From 25 to 30 March 2021, a serious mixed haze and dust pollution event occurred in Jinan, China. This mixed pollution was observed and analyzed using ground-based LiDAR and satellite LiDAR. Figure 2 presents the Moderate Resolution Imaging Spectroradiometer (MODIS) true color images acquired during the pollution event in the Jinan area.

3.1. Transboundary Aerosol Transport Observed by the CALIPSO Satellite

Figure 3 shows the dust transport process observed by CALIOP during the 28 March mission. The variations in the aerosols in the vertical direction from the source to the study area can be seen. As can be seen from Figure 3, on 28 March, a large amount of dust was distributed 1–4 km above Jinan, and the height of the dust was relatively low. It should be noted that, at the bottom of the dust, pollution dust appeared in combination with ground pollution, forming mixed haze and dust pollution. According to the backward transmission trajectory, the power of the northwest wind was conducive to the eastward transmission of the dust. The dust settled near the surface and combined with the near-surface aerosol pollution to form polluted dust.

3.2. Ground-Based LiDAR Observations of Aerosols

Figure 4 shows the vertical distribution of the extinction coefficient obtained via LiDAR at the experimental site on 28 March and 29 March. On the basis of the LiDAR observations, the pollution was divided into three stages, combined with the meteorological data from Section 3.4 and Section 3.5 for comprehensive analysis. Stage 1 was From 12:00 a.m. to 8:00 a.m. on 28 March, and the boundary layer height was about 1.7 km. At this time, the humidity increased, the wind was static and stable, the diffusion conditions became worse, and the concentration of particles near the surface gradually increased. Stage 2 was from 8:00 a.m. on 28 March to 4:00 a.m. on 29 March. During this period, high-altitude pollution input was detected around 9:00 a.m., and the particle concentration increased significantly. As the humidity increased to the maximum, the diffusion conditions of the particles became unfavorable, the LiDAR observed that the pollution entered a stable period. They gradually gathered on the ground, and the pollution intensified further. This phase lasted until 4:00 a.m. on 29 March. During Stage 3, the humidity decreased, the wind level increased, and the planetary boundary layer rose steadily. The overall environmental conditions were conducive to the diffusion of particle pollution. The concentration of the near-surface pollutants decreased, and the environmental pollution index began to improve. The RH and WS are discussed in detail in the next section.

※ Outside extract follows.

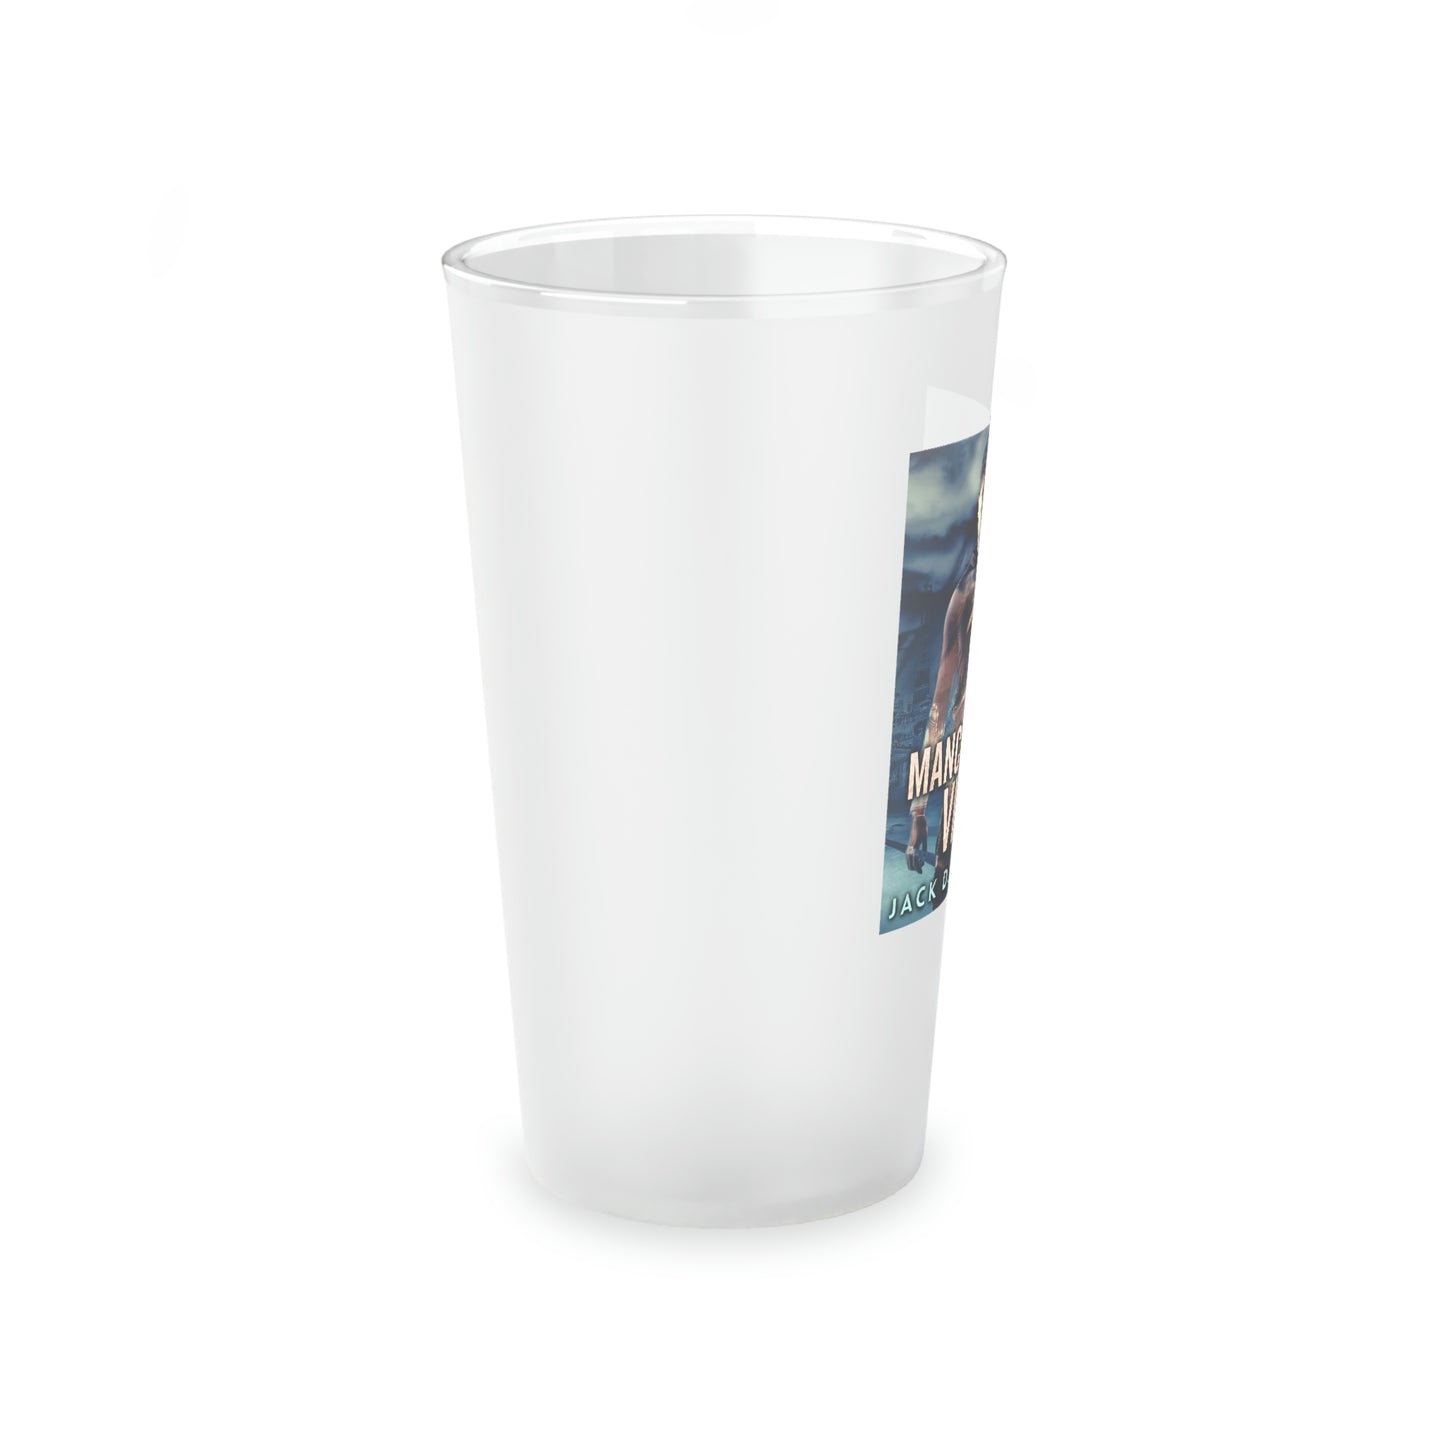 Manchester Vice - Frosted Pint Glass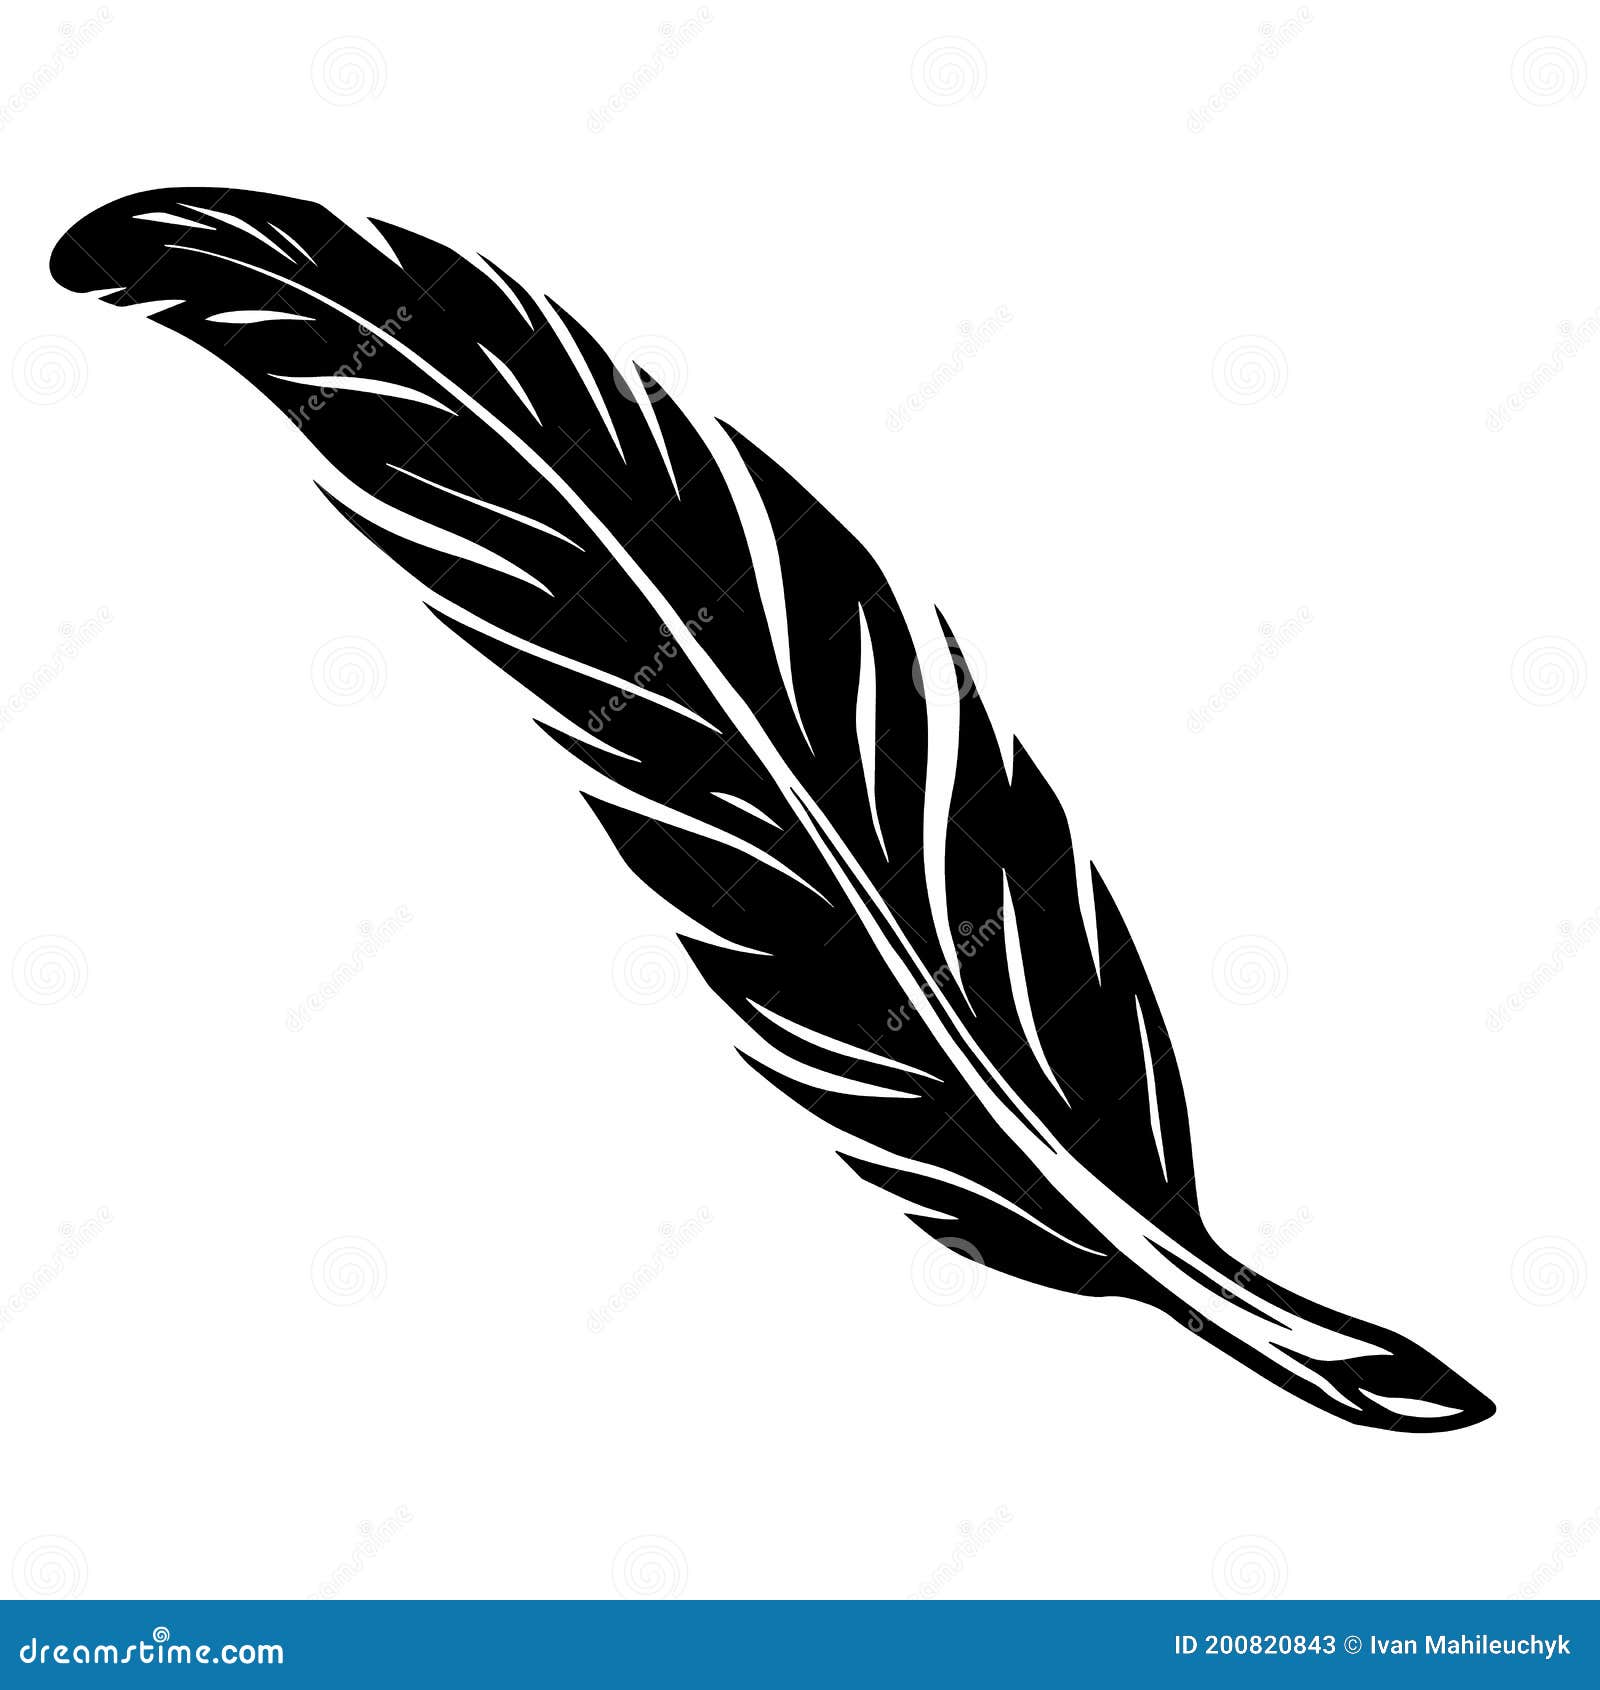 50 Meaningful Tattoo Ideas  Cuded  Feather tattoos Feather tattoo  design Feather tattoo

3.3. Ground Station Meteorological Measurements

The concentrations of six standard air pollutants during this pollution event are shown in the chart.
As can be seen from Figure 5, in the early stage, the pollution was predominantly haze, the PM10 concentration was relatively low, basically below 150 μg/m³, and the PM2.5 concentration was relatively high, with an average concentration of about 80 μg/m³. Affected by the Mongolian air mass, dust began to affect Jinan at 9:00 a.m. on 28 March, and the PM2.5 and PM10 concentrations simultaneously increased rapidly. They both reached their maximum values at 6:00 p.m., with the PM2.5 concentration reaching 213 μg/m³ and the PM10 concentration reaching 1230 μg/m³. Then, the concentrations began to decrease and returned to a steady state at 4:00 p.m. on 29 March. Accordingly, the AQI index reached a peak of 500 at 2:00 p.m. on 28 March and lasted 15 h. It did not start to gradually decrease until 5:00 p.m. on 29 March, and the air quality gradually improved. By 6:00 p.m., the pollution event had basically ended, and the pollution had eased.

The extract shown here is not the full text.